Sedikit terdorong akibat tusukan yang Julius lakukan, William menyeringai memandang mata pria bertuksedo hitam. “Manusia tanpa tujuan bisa melawan meski dihinggapi ketakutan, ya?” bisiknya kagum. “Apa kau tahu, kalau aku gemar melahap jiwa manusia yang terpuruk dalam keputus asaan?” Senyumannya begitu lebar, sampai-sampai nyaris menyentuh telinga. Dari sela gigi-gigi mirip hiu, air liur menetes dari mulut sang iblis bermata hitam kelam. “Biarku perlihatkan, apa itu ketakukan!” serunya melempar tubuh Julius hanya dengan satu tangan.
Swuuuung!
“Hwaaaaargh!” Pria mancung berambut pirang terempas jauh. Tubuhnya melesat cepat, terjun ke arah danau jernih di bawah sana.
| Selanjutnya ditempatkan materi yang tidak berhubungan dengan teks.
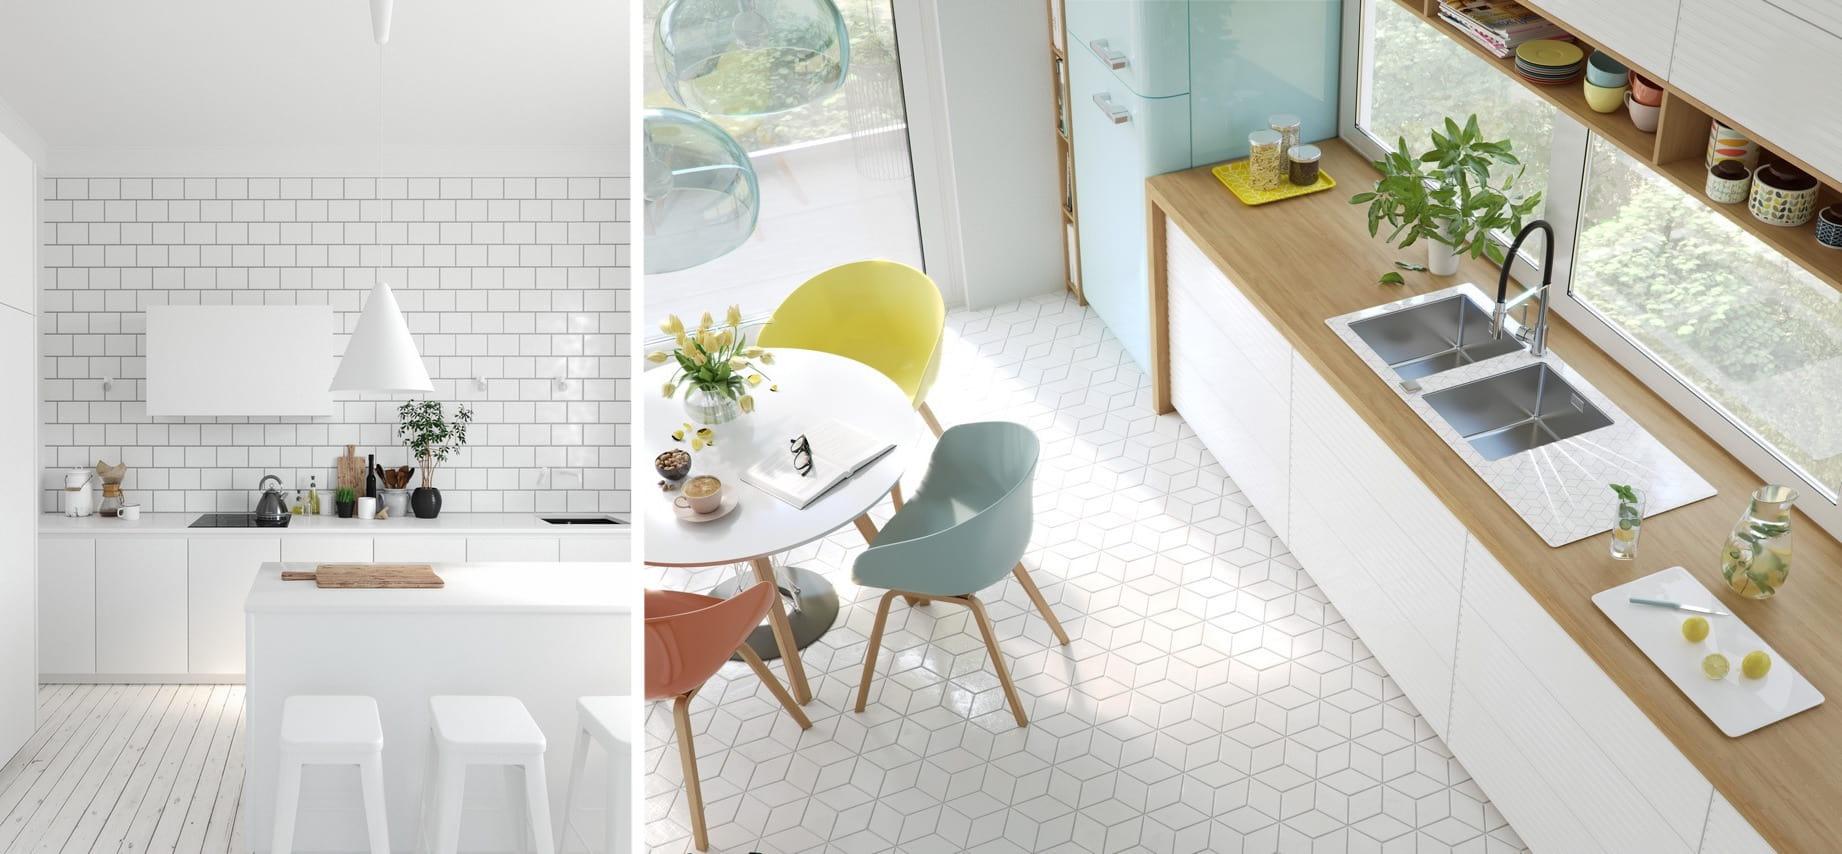 Оформление плафонов и внешняя отделка люстр должны гармонировать с общим кухонным дизайном

Ia terpejam, bersiap menikmati rasa sakit dari tubuh yang keras membentur permukaan danau.
Byaaarrr!
Julius yang sempat menahan napas, kini berada di dalam air danau. Bagaikan di siang hari, ia dapat melihat jelas di dalam air jernih danau. Tampak beberapa buah kerangka kepala manusia yang timbul dari dasar danau, seperti melayang mengapung mengelilinginya. ‘Apa ini? Inikah kepala-kepala yang dipersembahkan padanya di masa lalu?’ pikirnya kalut seraya mengayuh sepasang tangan guna naik ke permukaan danau. ‘Aku harus segera keluar dari sini!’
‘Tolong… tolong kami! Bawa kami pergi dari sini! Tolong!’Seiring munculnya suara-suara bisikan di kepala Julius, penampakan-penampakan kerangka kepala manusia semakin banyak bermunculan. Dari rupa yang tadinya hanya kerangka manusia, lama-lama berubah jadi wujud-wujud manusia transparan penuh luka memar dan noda darah. “Jangan tinggalkan kami di sini! Bawa kami pergi!”
Grep!
Satu-persatu dari mereka mulai mendekat, memegangi tubuh Julius. Pria pirang bertuksedo hitam pun mulai mengeluarkan gelembung air dari mulut ketika sosok-sosok berwajah rusak dalam wujud transparan mulai menariknya ke dasar danau. ‘Huuuugh! Apa yang bisaku lakukan!’